### Exercise
Please write out the full listing beneath this line exactly, skipping its images.

### Dataset extract
^^^^

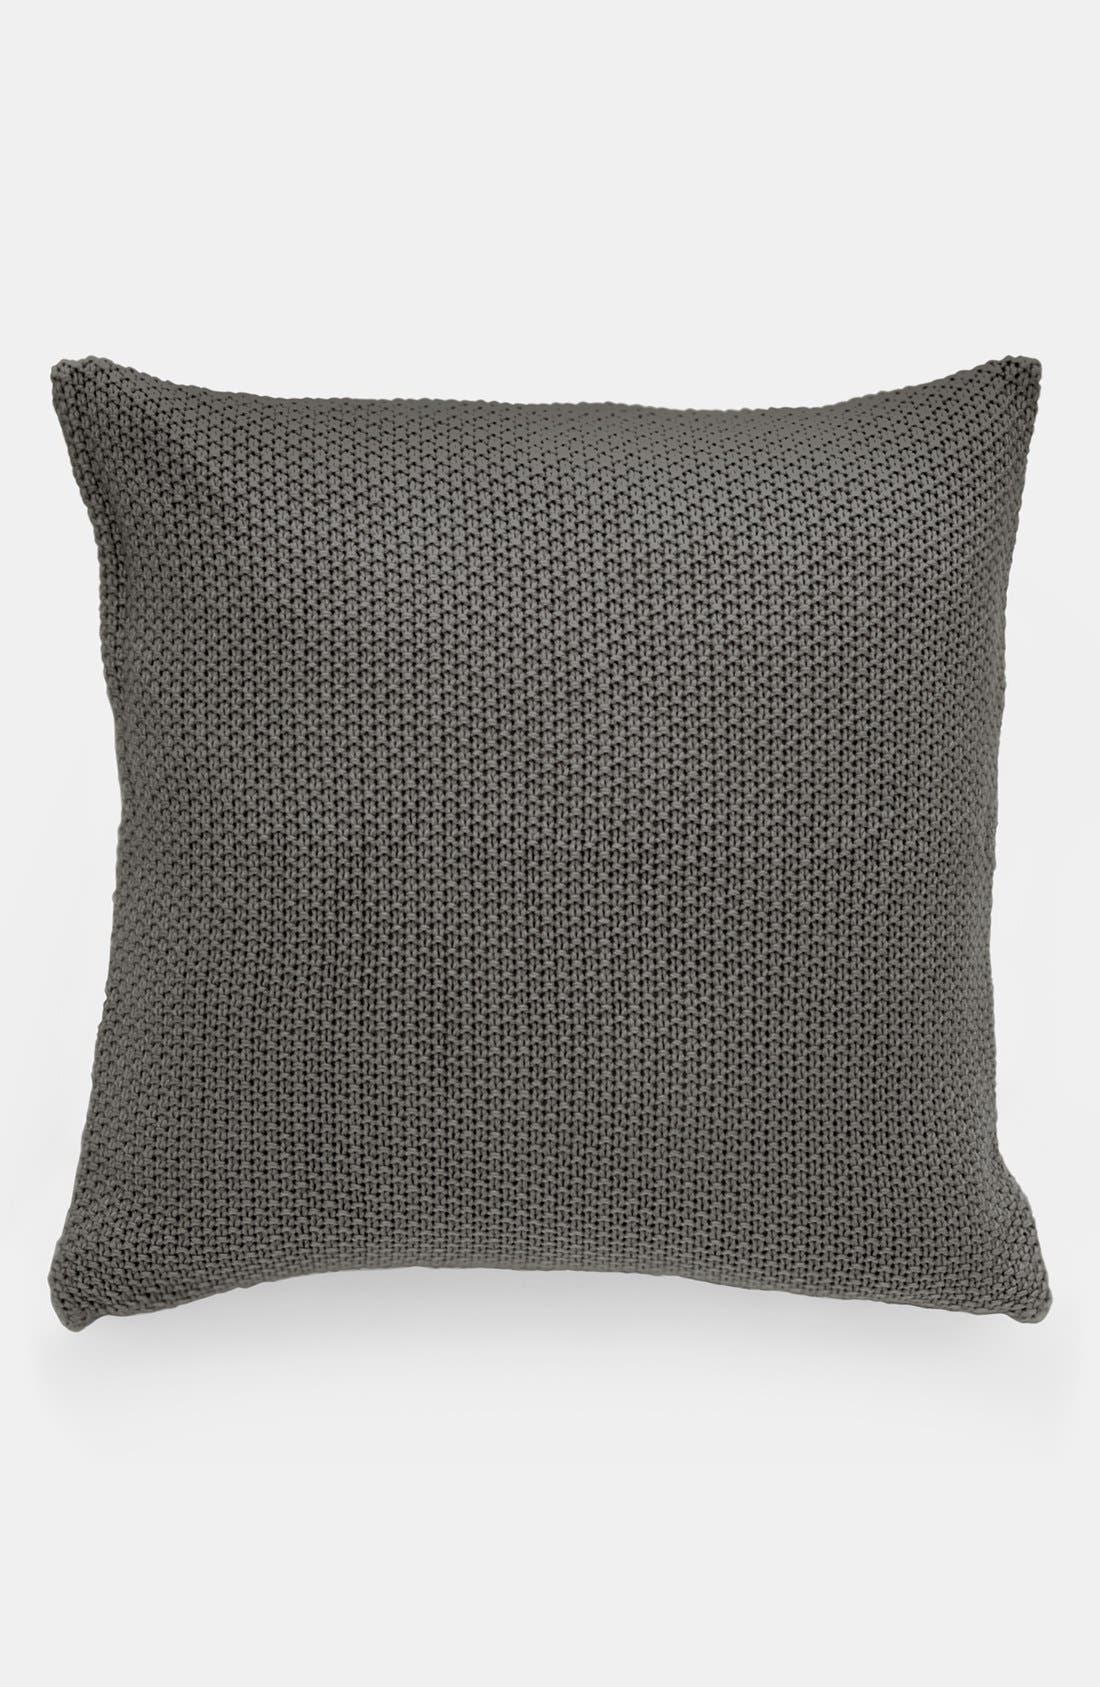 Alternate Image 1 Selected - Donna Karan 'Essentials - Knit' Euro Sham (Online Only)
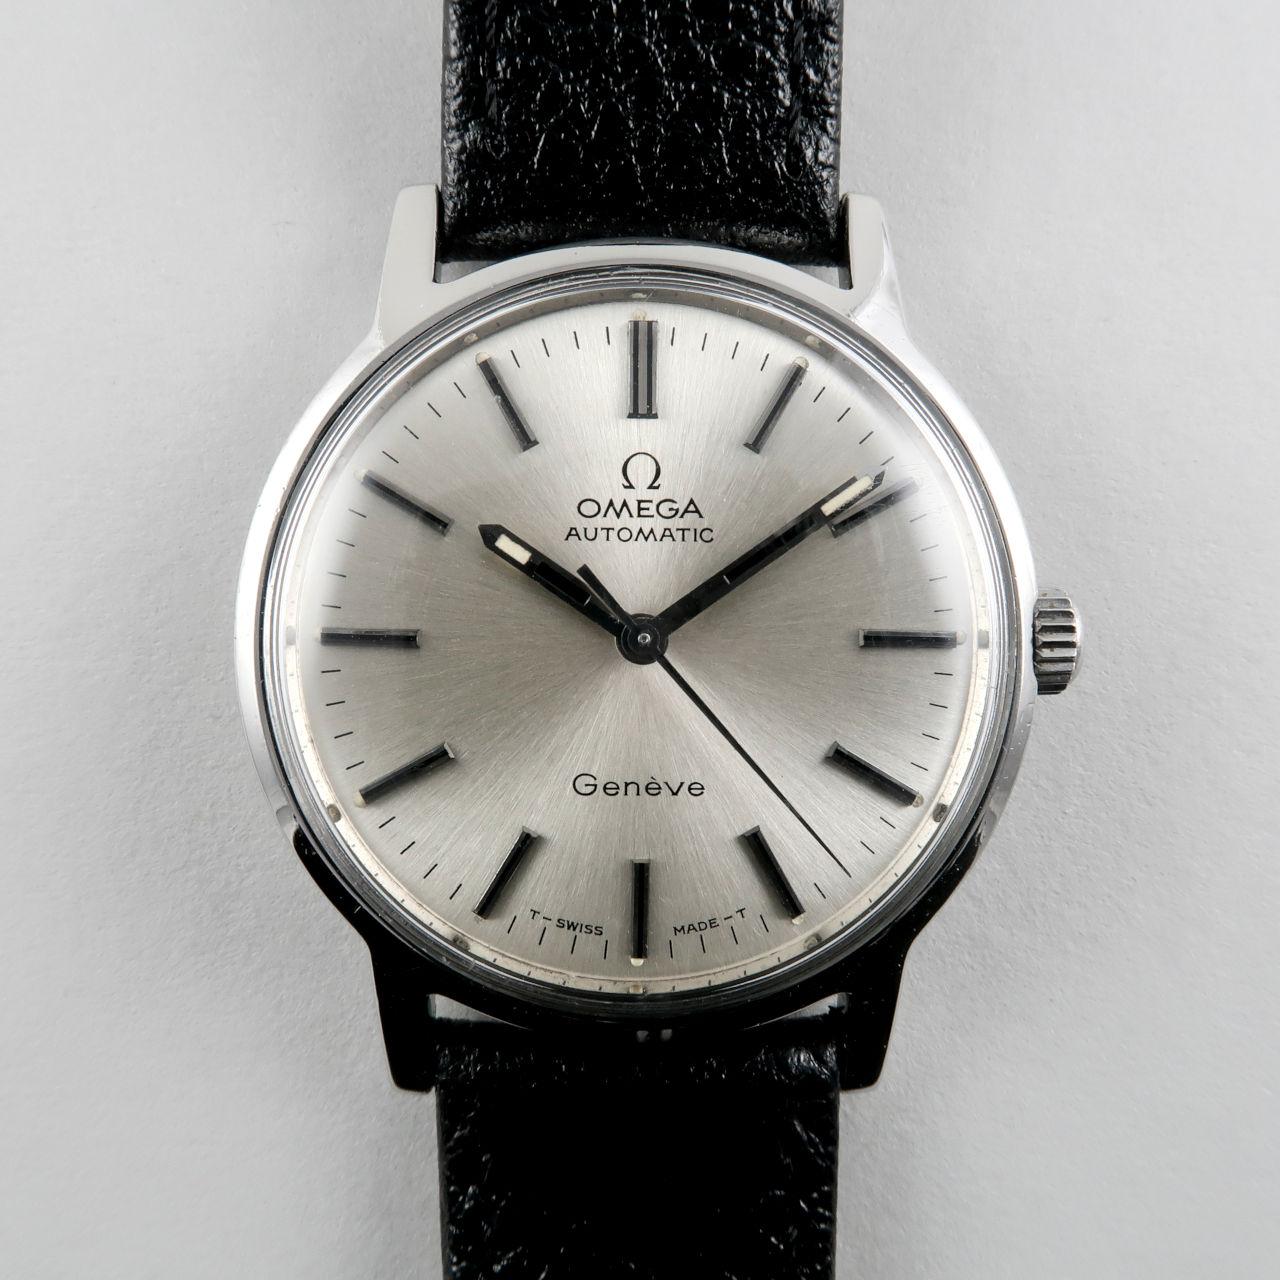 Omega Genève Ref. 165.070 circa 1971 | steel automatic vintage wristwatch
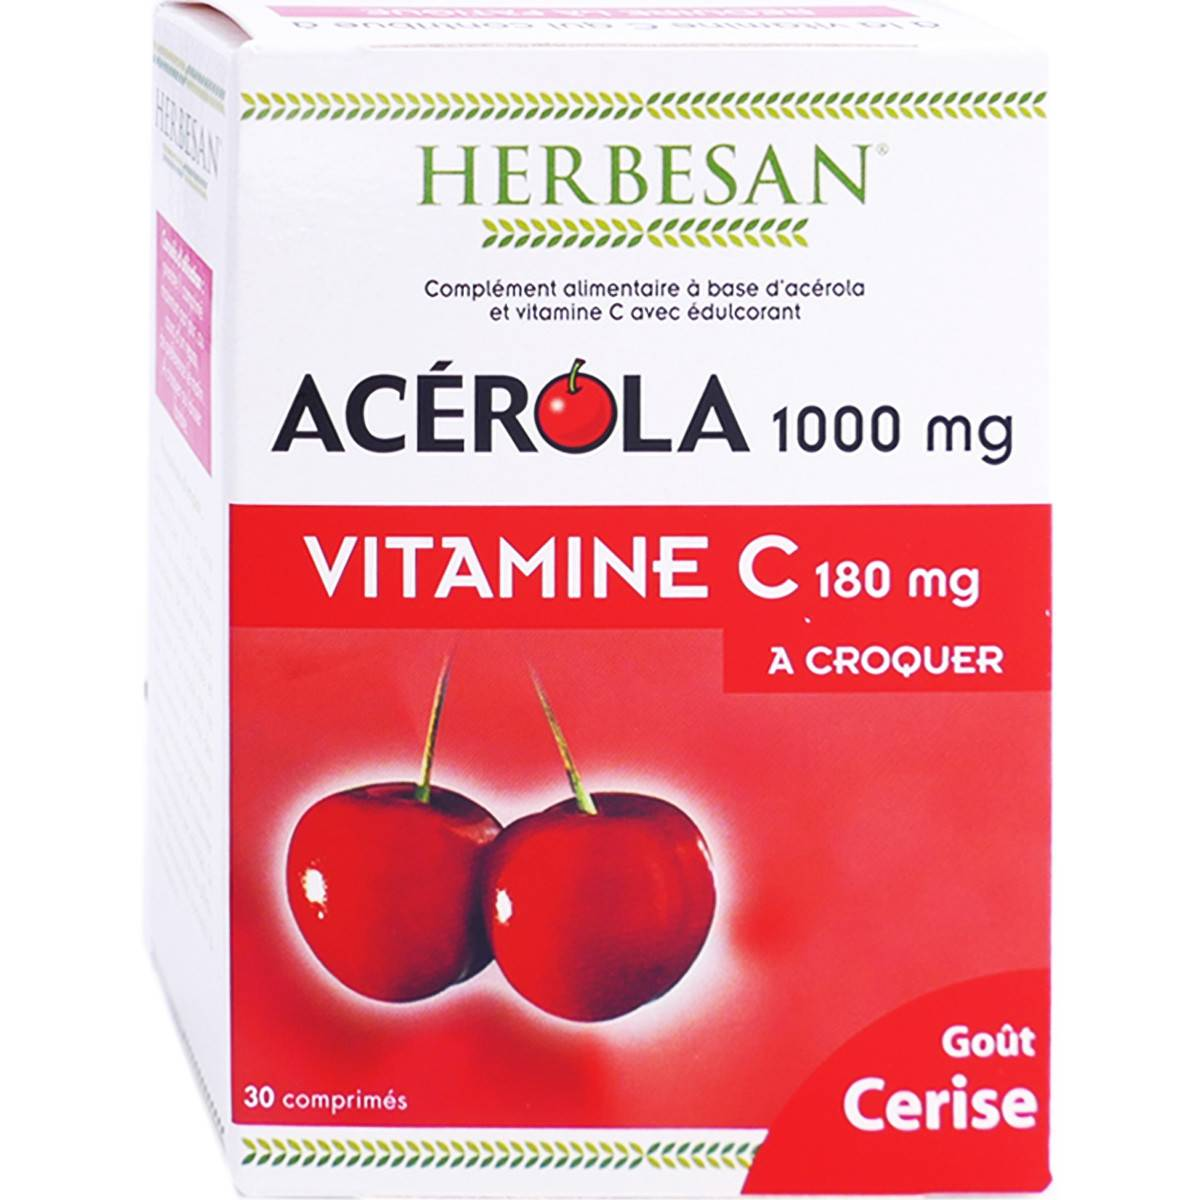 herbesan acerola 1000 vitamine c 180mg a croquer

^^^^

### Reply to the task
 Alternate Image 1 Selected - Donna Karan 'Essentials - Knit' Euro Sham (Online Only)
 Omega Genève Ref. 165.070 circa 1971 | steel automatic vintage wristwatch
 herbesan acerola 1000 vitamine c 180mg a croquer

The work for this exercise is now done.